>>

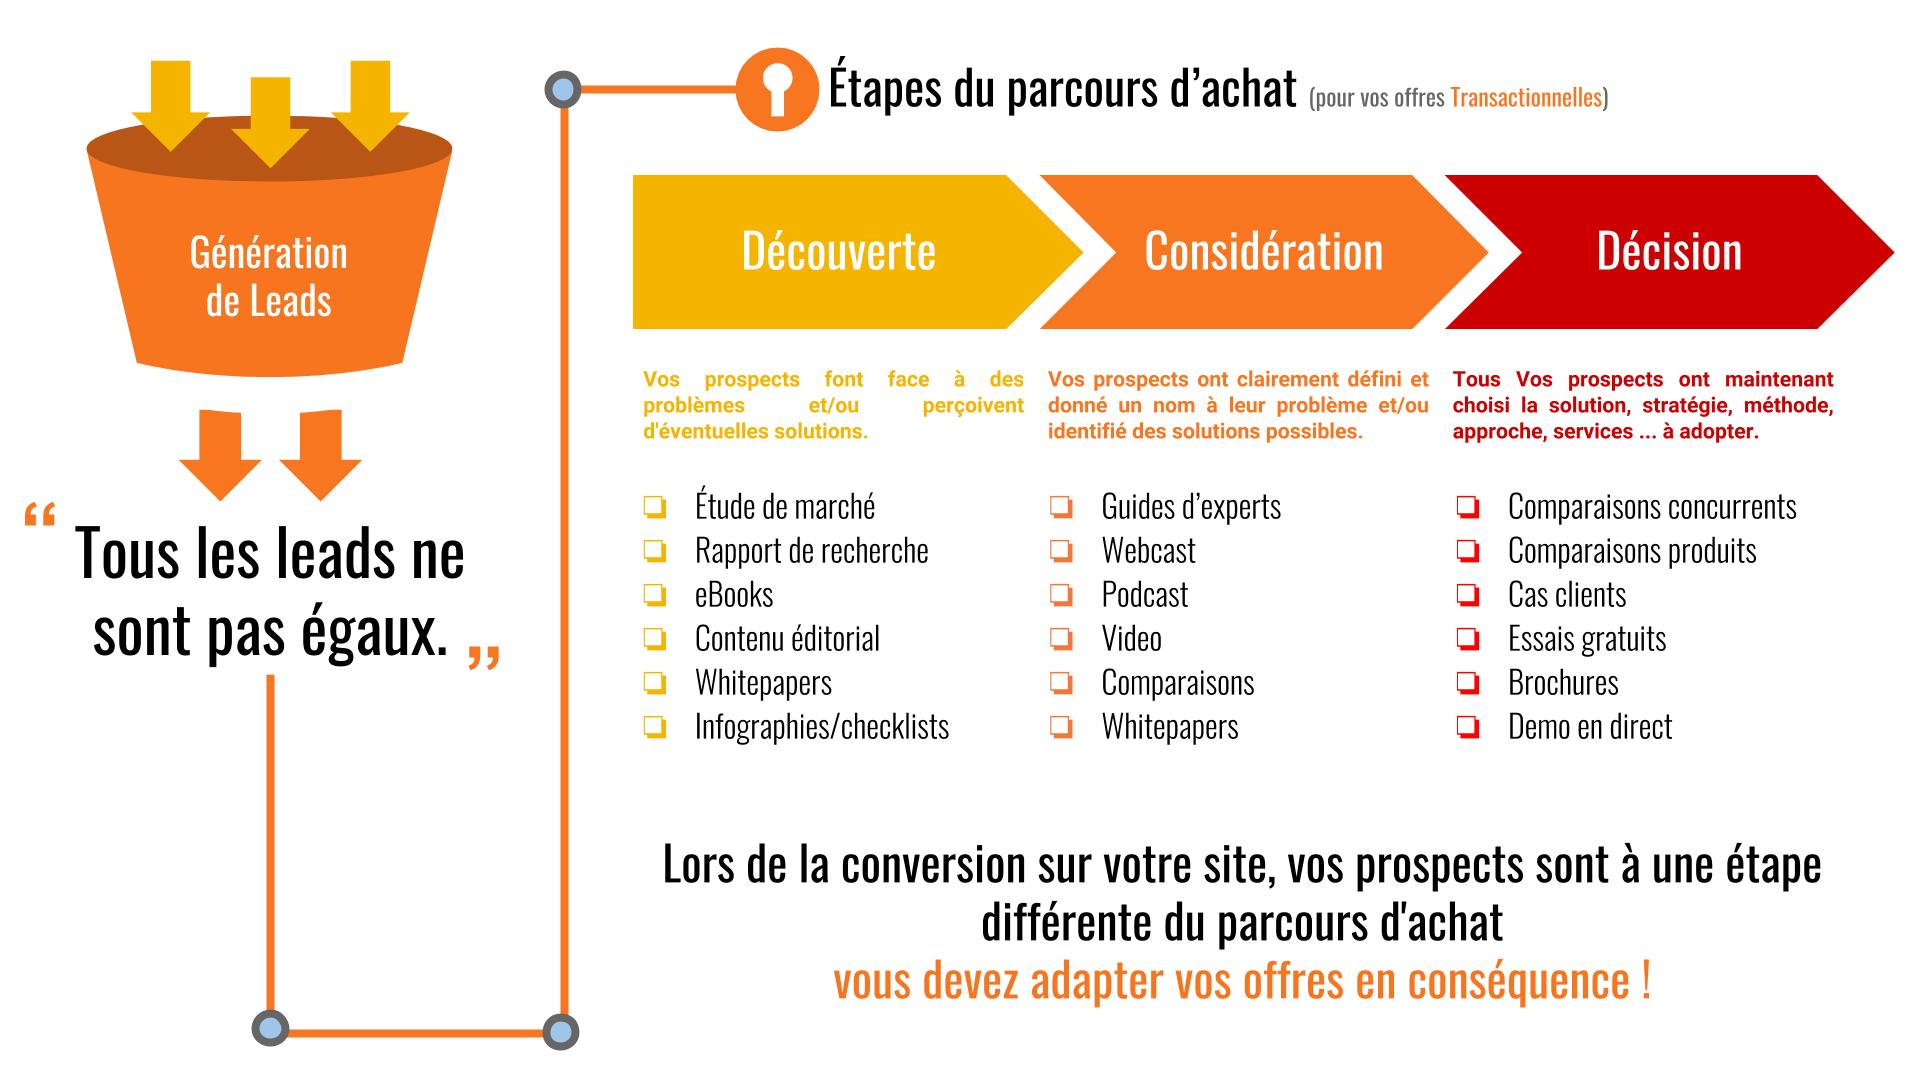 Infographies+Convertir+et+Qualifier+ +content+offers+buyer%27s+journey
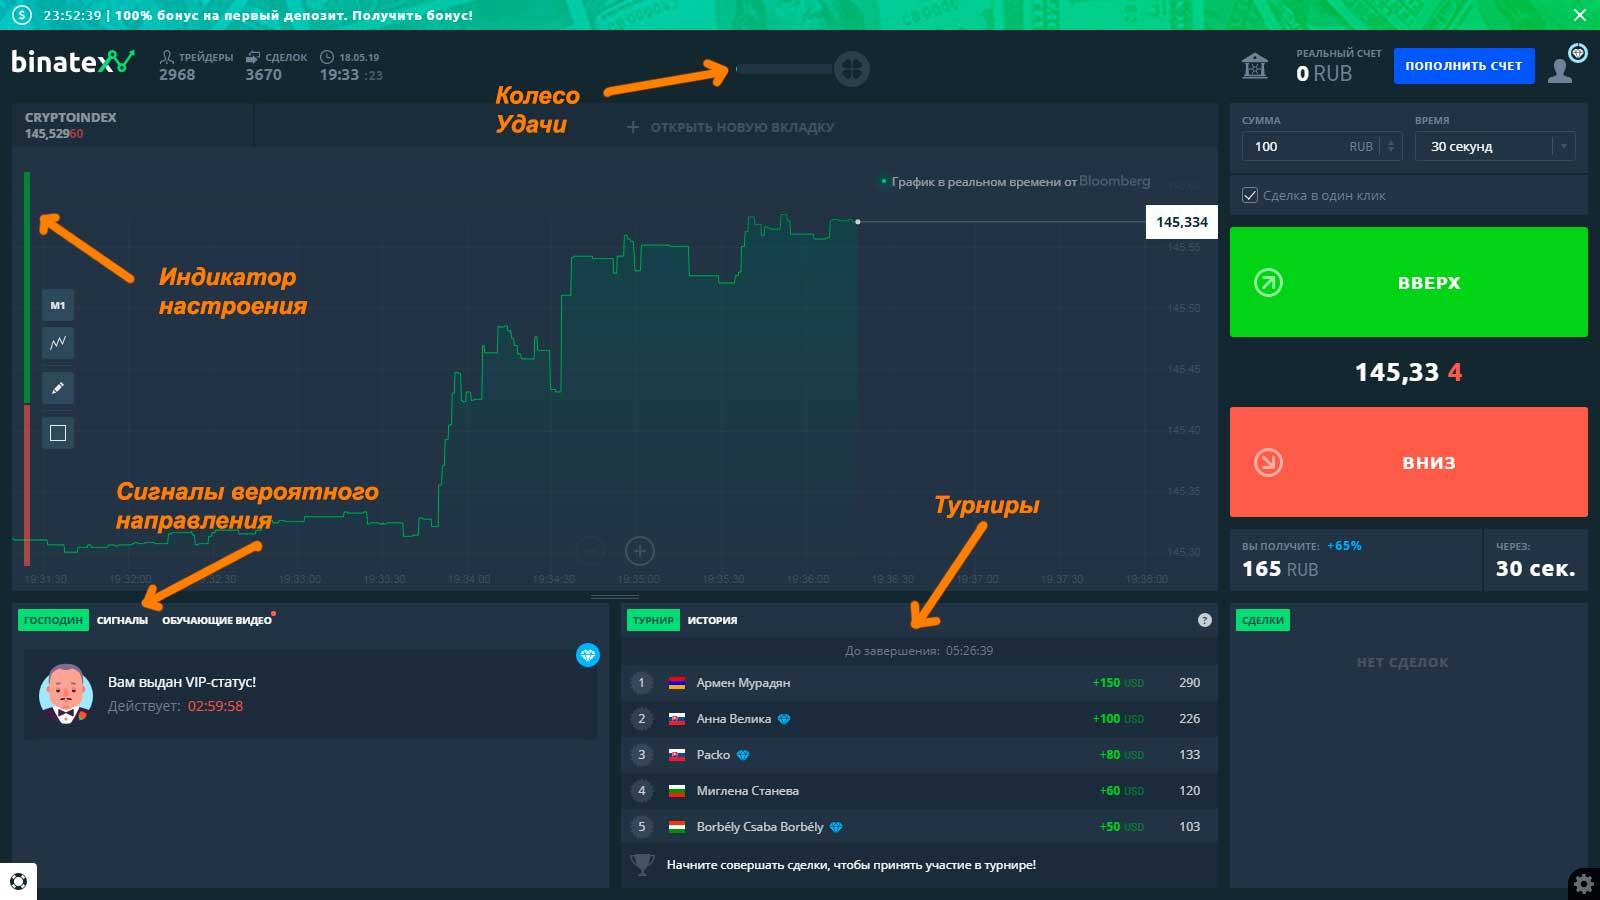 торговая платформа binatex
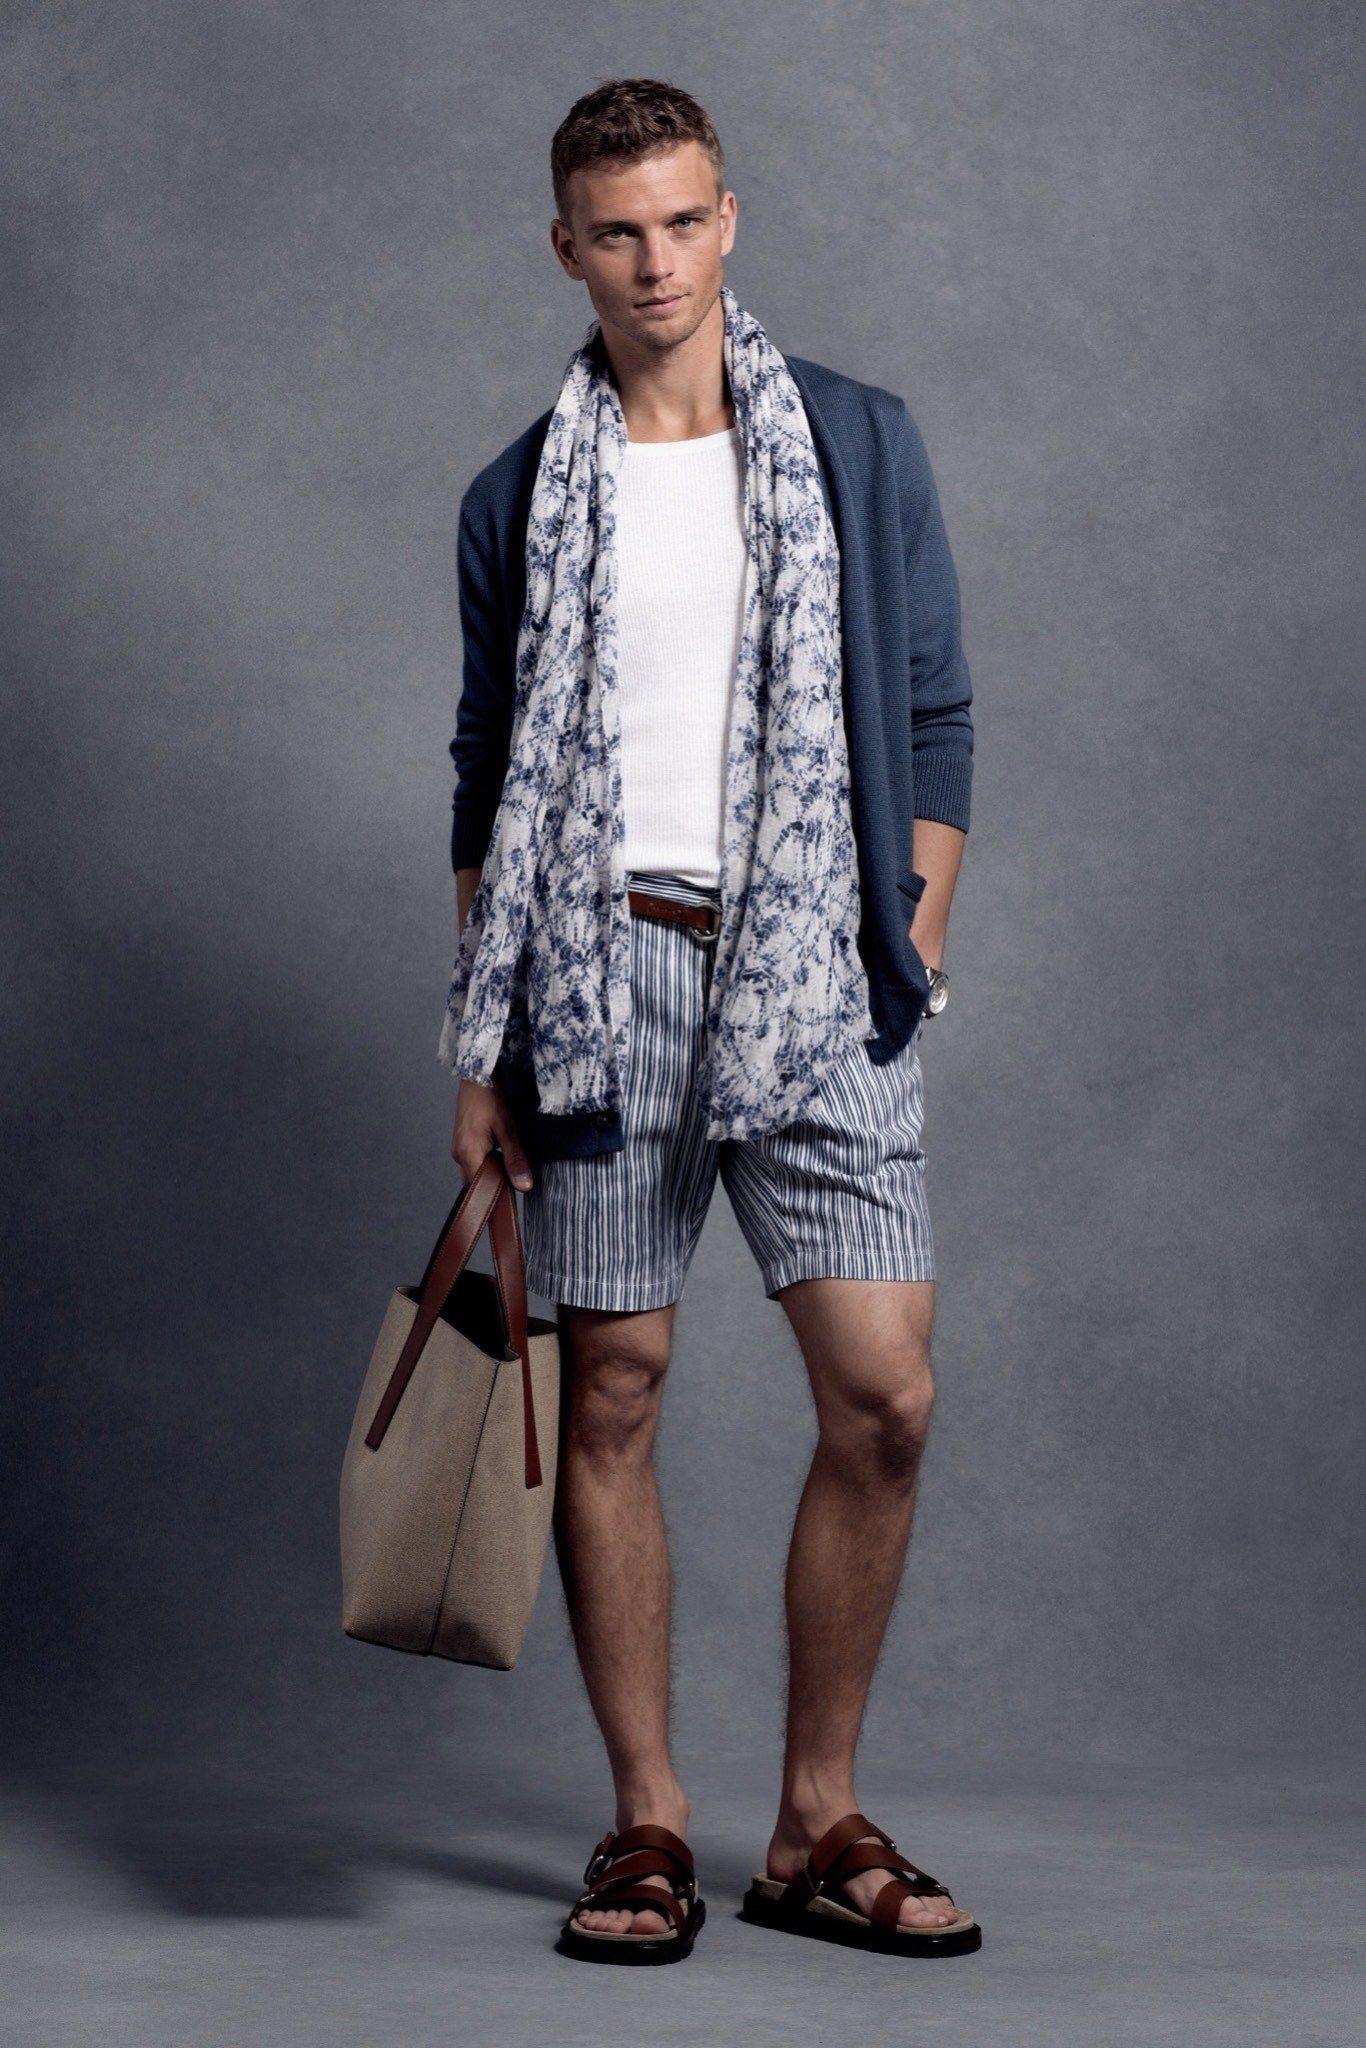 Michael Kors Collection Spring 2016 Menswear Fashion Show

<<

## [ASSIGNED TASK]
The entire listing above, word for word and without pictures, is what should be output.

## [YOUR RESPONSE]
 Infographies+Convertir+et+Qualifier+ +content+offers+buyer%27s+journey
 торговая платформа binatex
 Michael Kors Collection Spring 2016 Menswear Fashion Show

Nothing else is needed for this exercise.